> Advertising tells me what goods and services are available, and at what prices.
No, it doesn't actually, it does the opposite. It's attempting to make you less aware of what's available outside of the monopolies, because the monopolies shove the barrel and there's no room left.
If you take a walk through town versus watch TV for a day you will get a completely different view of what products and services are out there. This mentality is exactly why small business continue to struggle - we're made to believe they don't exist because of advertising.
The reason this works is because the human brain is pretty stupid and it can't keep everything in it all at once. You also don't get a choice in what you remember, your brain does that without your consent. So you see McDonald's 1000 times and your local butcher shop signage 5 times and you'll remember one, but not the other.
I don't think anyone is against receiving marketing information they request, like a catalog. It is far different than advertising that people are essentially forced to view even if they don't want to see it. You request a catalog, just like you might request to view an online store's website. But advertising you don't request is a completely different ballgame. Imagine if every time you turned on or sat down at your computer it forced an open specific newspaper's site, or reddit, or twitter, and there was no way to stop it from happening. If every time you drove down a specific road all your electronic devices opened up some random website you didn't request or want. That is what people have a problem with.
Further, any store will be pretty highly incentivized to provide a quick list of goods or services offered and likely the prices (most already do this).
I don't need the same ad repeated 20 times to know that Ford sells cars and trucks.
> I don't need the same ad repeated 20 times to know that Ford sells cars and trucks.
Not only that, but the Ford ad of a vehicle driving cinematically across a landscape before disgorging a laughing and implausibly photogenic family does nothing to inform you about the relative merits of the vehicle.

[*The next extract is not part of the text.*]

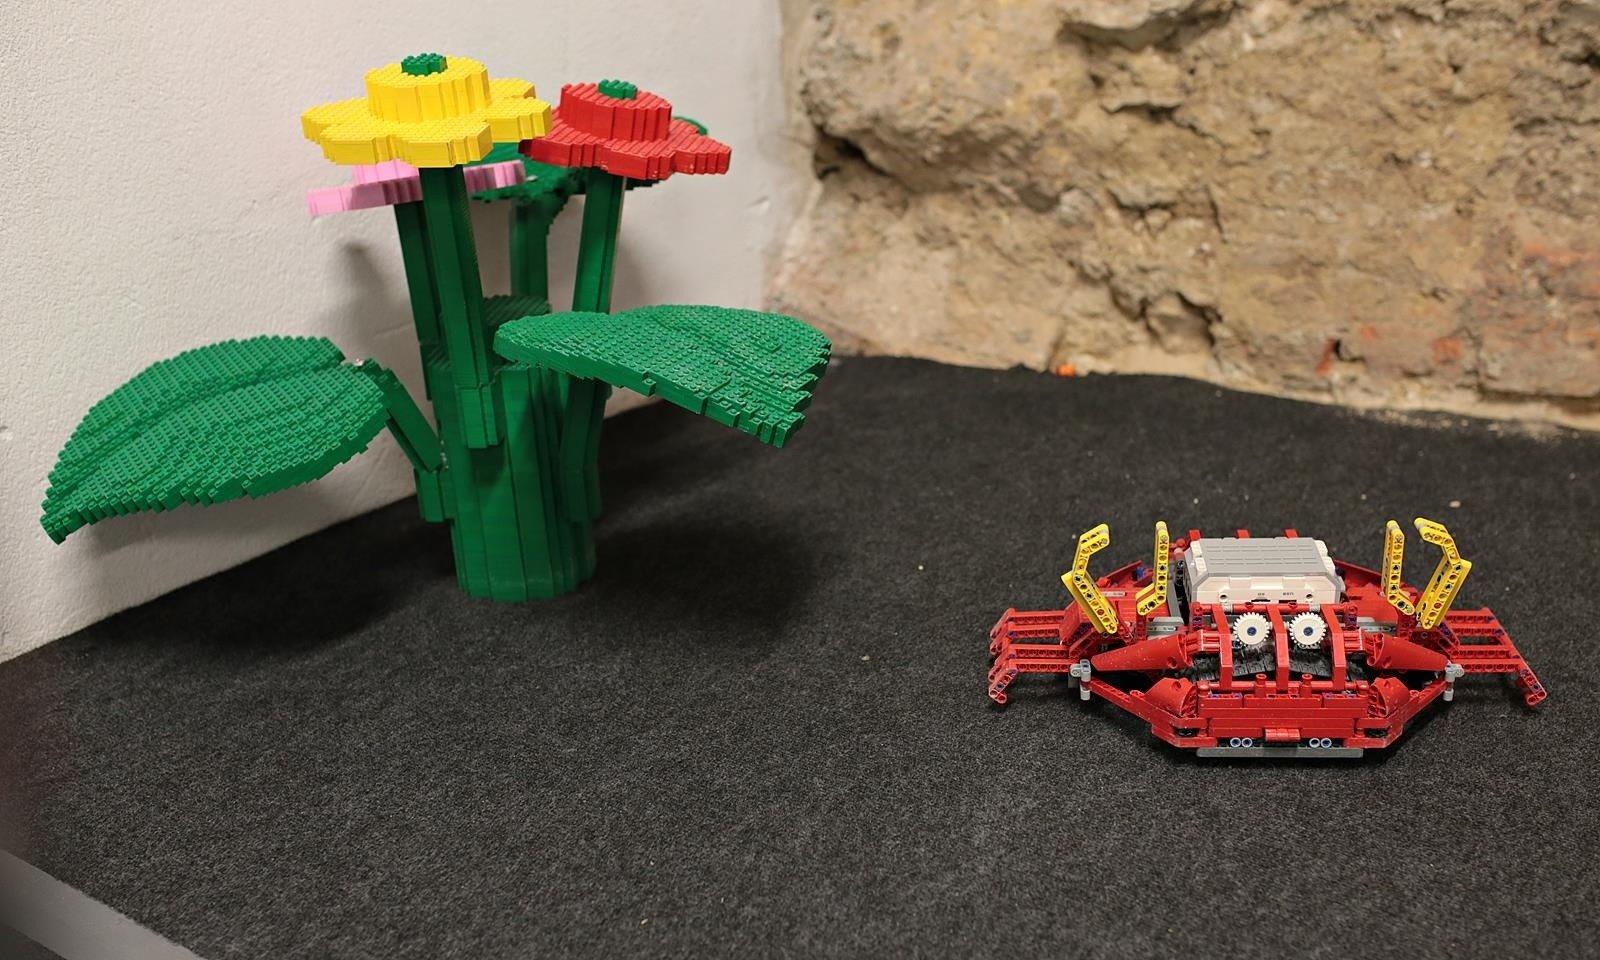 Wystawa Robotów Z Klocków Lego Na Mikołajskiej Zdjęcia Gazeta
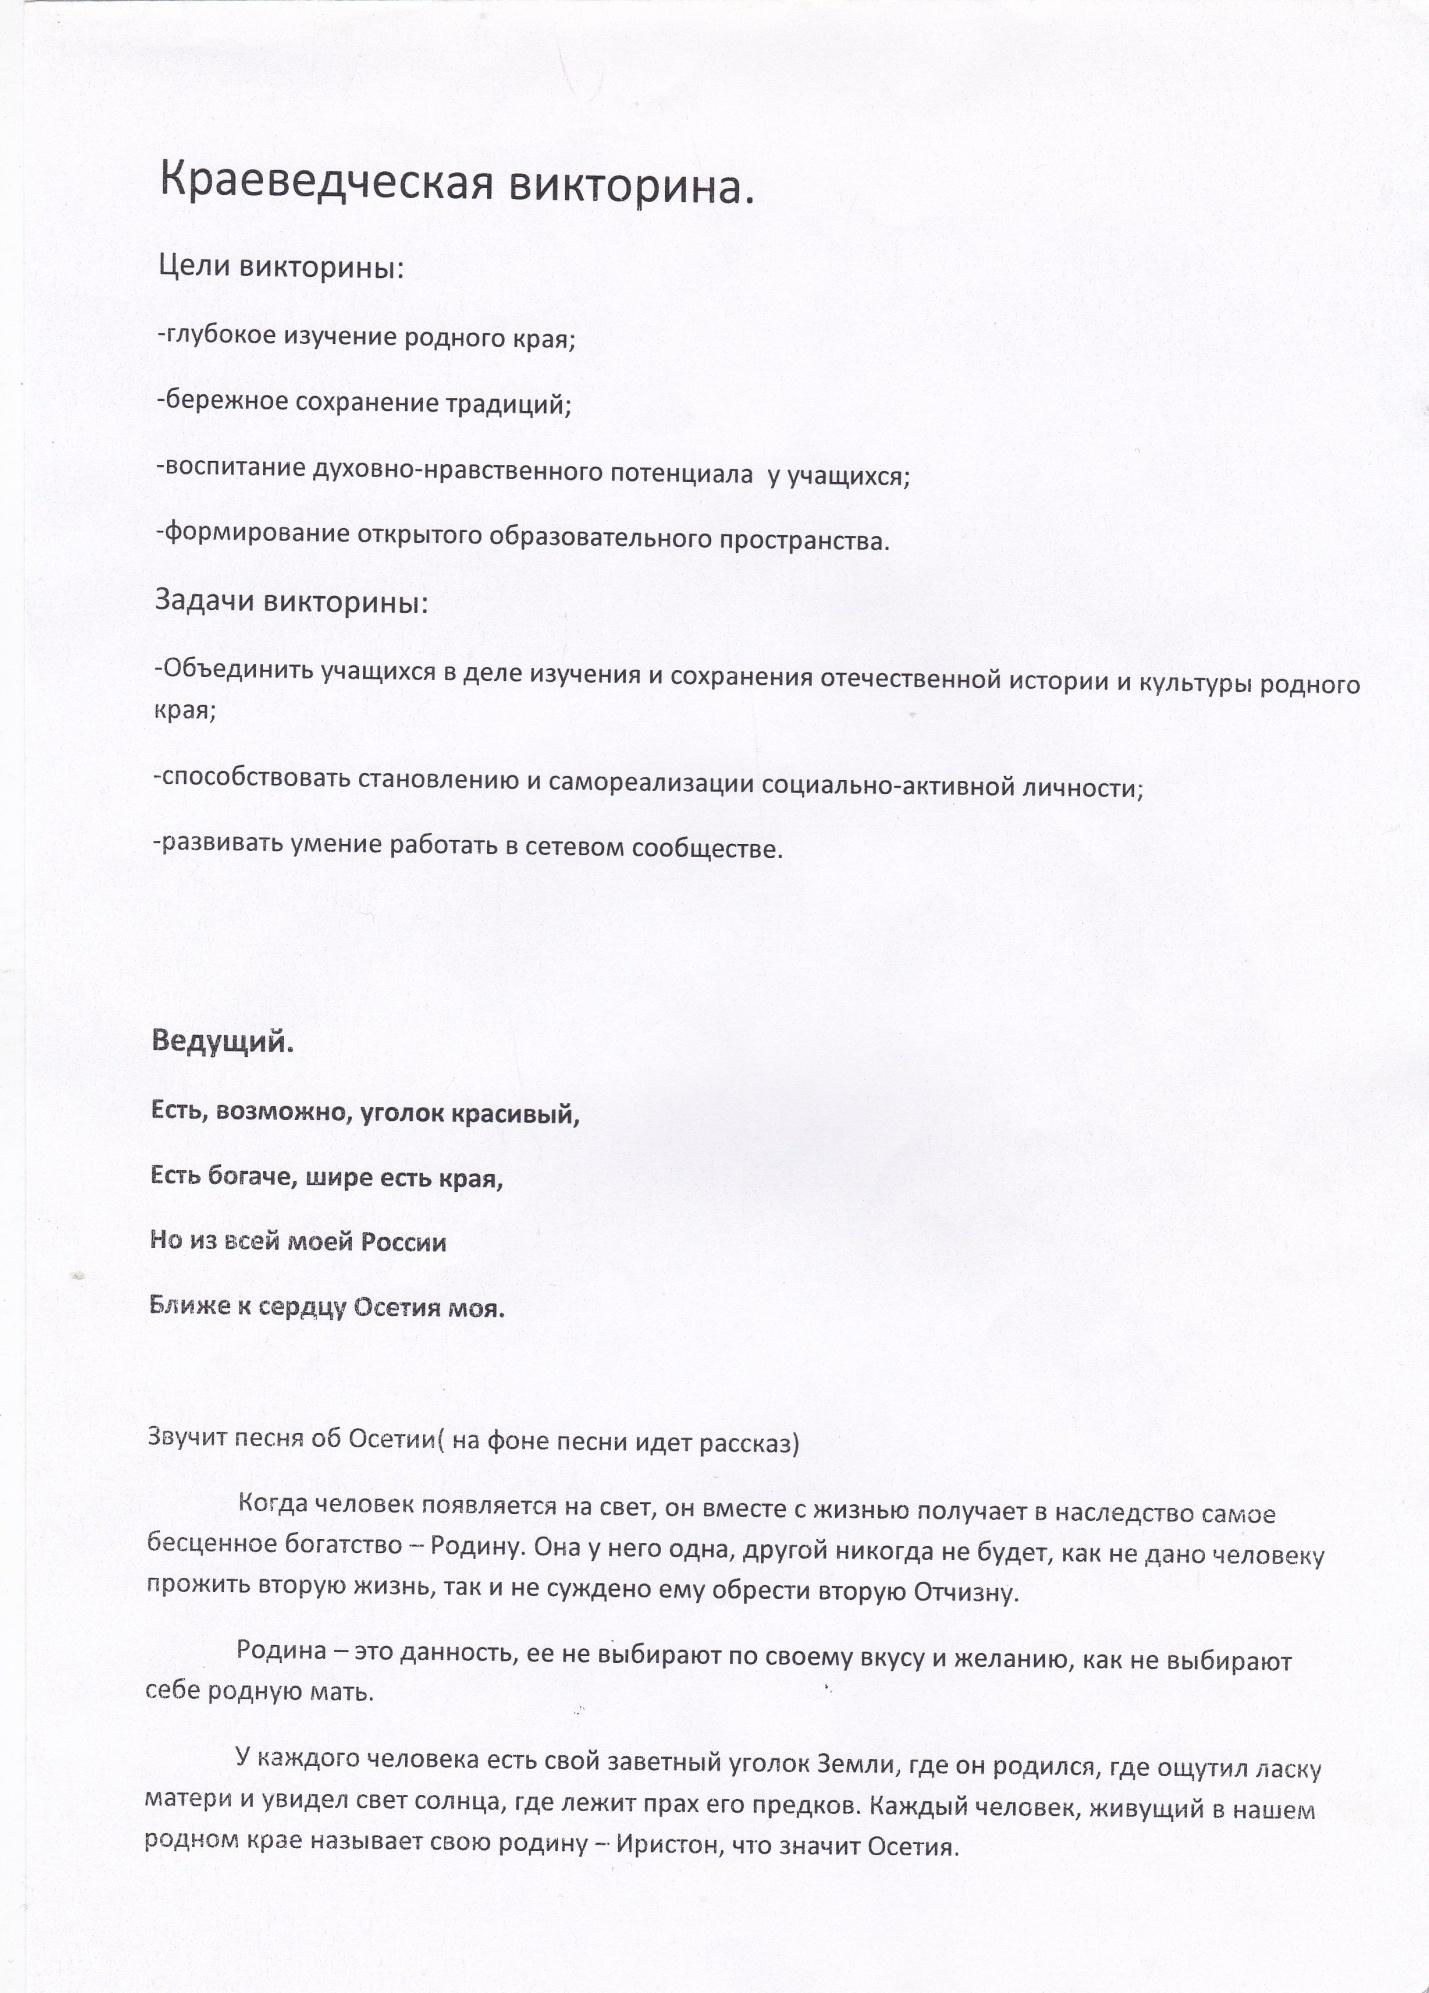 F:\Новая папка (3)\IMG_20150110_0039.jpg

Anything specific mentioned in the advert is as likely to be flimflam or only technical truth as not, so nothing mentioned in the advert can be taken as useful purchase-informing fact without further research.
Exactly. There's an economic negative to advertising, particularly in the US, because "puffery" is legal. That gives advertisers nearly complete free reign to lie about stuff (especially if they put in a small white text disclaimer that says the things you are seeing and hearing aren't really true.)
Not really, or at least i don't see how. Advertising can at most tell me which companies are spending a significant portion of their budget in ads instead of in making a good product or service.
To put it another way: where i live, ads for cheese or meat are non existent (while ads for fast food or cigarettes are very common), and yet i know that those products are available on supermarkets or other food stores. And i can find cheeses and meats of many brands, qualities and prices on those stores.
I don't see how having ads for those things would be an improvement. In fact, i suspect that ads would be used to convince people to buy products of less quality, or downright toxic, as seen on the rampant fast food and cigarette ads.